Bug 16489 - rhyper() get wrong results when m <<n.
Summary: rhyper() get wrong results when m <<n.
Status: CLOSED FIXED
Alias: None
Product: R
Classification: Unclassified
Component: Accuracy (show other bugs)
Version: R 3.2.1
Hardware: All All
: P3 normal
Assignee: R-core
URL:
Depends on:
Blocks:
 
Reported: 2015-07-27 19:57 UTC by Mia Zhang
Modified: 2015-07-29 11:05 UTC (History)
2 users (show)

See Also:


Attachments

Note You need to log in before you can comment on or make changes to this bug.
Description Mia Zhang 2015-07-27 19:57:36 UTC
Dear all, 
It seems that rhyper() gives out wrong results randomly when m << n. 

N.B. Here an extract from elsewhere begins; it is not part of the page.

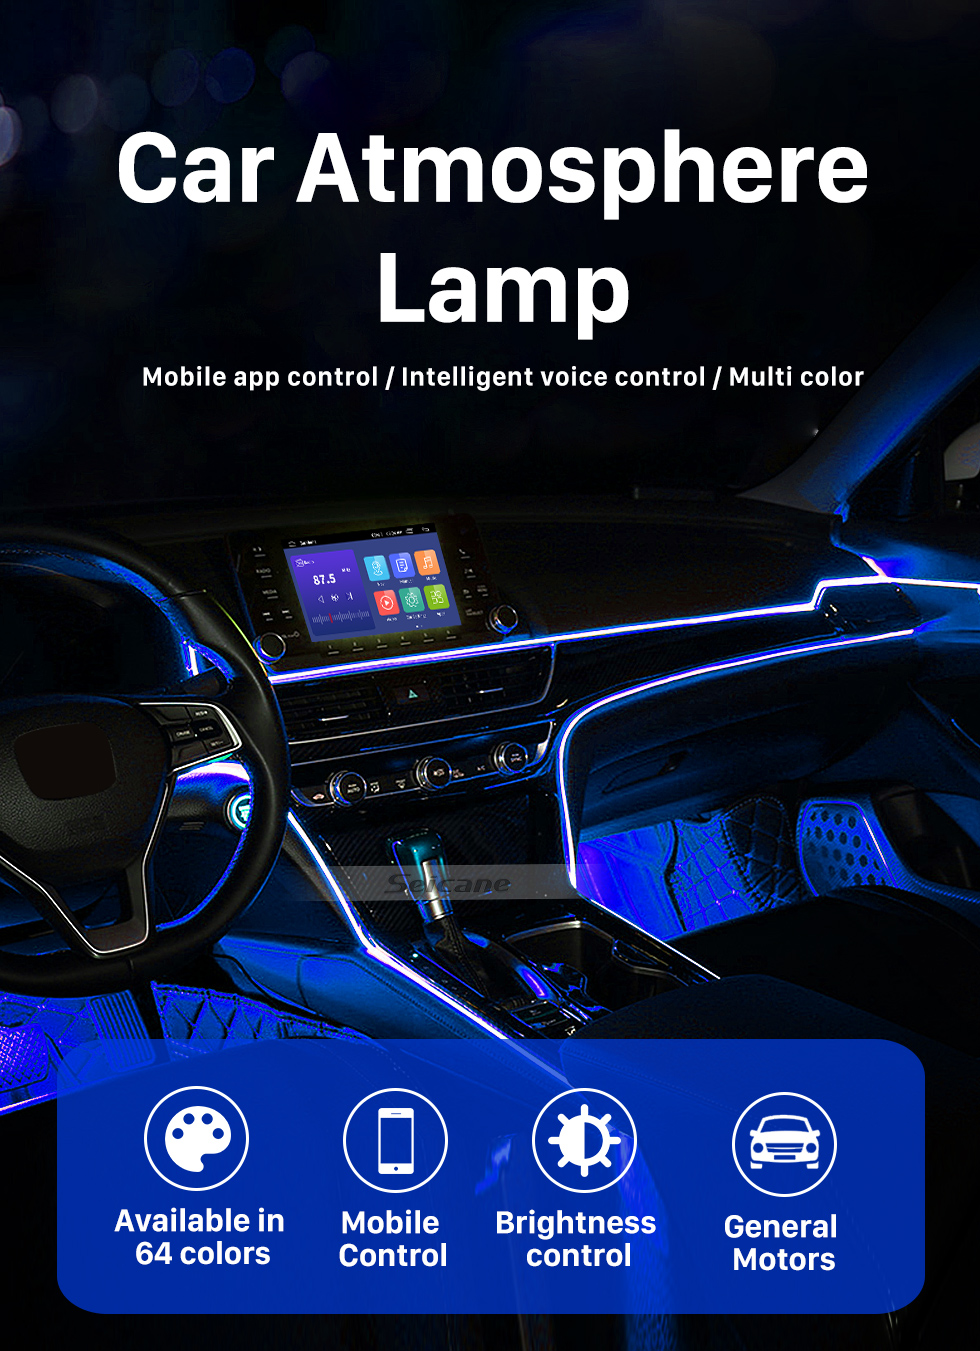 Seicane Автомобильное шасси Bluetooth Control 4 подставки RGB LED Rock Lights для универсального под автомобилем с водонепроницаемым и противокоррозионным покрытием

rhyper(nn,m,n,k) generates hypergeometric distribution random numbers. according to theory, the mean of the random numbers generated should be around  m/(m+n)*k,

In my example, I keep m+n=1e9,k=1e6 and changing m. 

Here is what I get: 

> # this result is reasonable, the mean is around 1. 
> mean(rhyper(100,1000,1e9-1000,1e6))
[1] 0.91

> # ok
> mean(rhyper(100,2000,1e9-2000,1e6))
[1] 2.04

> # the mean should be around 5
> mean(rhyper(100,5000,1e9-5000,1e6))
[1] 0.64

> # the mean should be around 6
> mean(rhyper(100,6000,1e9-6000,1e6))
[1] 1.55

> # the mean should be around 8,but it gives out a 0!
> mean(rhyper(100,8000,1e9-8000,1e6))
[1] 0

> # the mean should be around 9
> mean(rhyper(100,9000,1e9-9000,1e6))
[1] 0.45

> #back to normal 
> mean(rhyper(100,10000,1e9-10000,1e6))
[1] 10.46

> #good
> mean(rhyper(100,20000,1e9-20000,1e6))
[1] 20.14

I get the first two right, but the ones in the middle are wrong, and strangely, it comes to normal again. 

Best regards
Mia
Comment 1 Peter Dalgaard 2015-07-27 21:06:22 UTC
Confirmed on OS X. Curiously, it doesn't seem to affect the inverse distribution function method:

 > mean(rhyper(100,8000,1e9-8000,1e6))
[1] 0
> mean(qhyper(runif(100),8000,1e9-8000,1e6))
[1] 8.48

...which may also offer a passable workaround.
Comment 2 Martin Maechler 2015-07-28 15:22:41 UTC
(In reply to Peter Dalgaard from comment #1)
> Confirmed on OS X. Curiously, it doesn't seem to affect the inverse
> distribution function method:
> 
>  > mean(rhyper(100,8000,1e9-8000,1e6))
> [1] 0
> > mean(qhyper(runif(100),8000,1e9-8000,1e6))
> [1] 8.48
> 
> ...which may also offer a passable workaround.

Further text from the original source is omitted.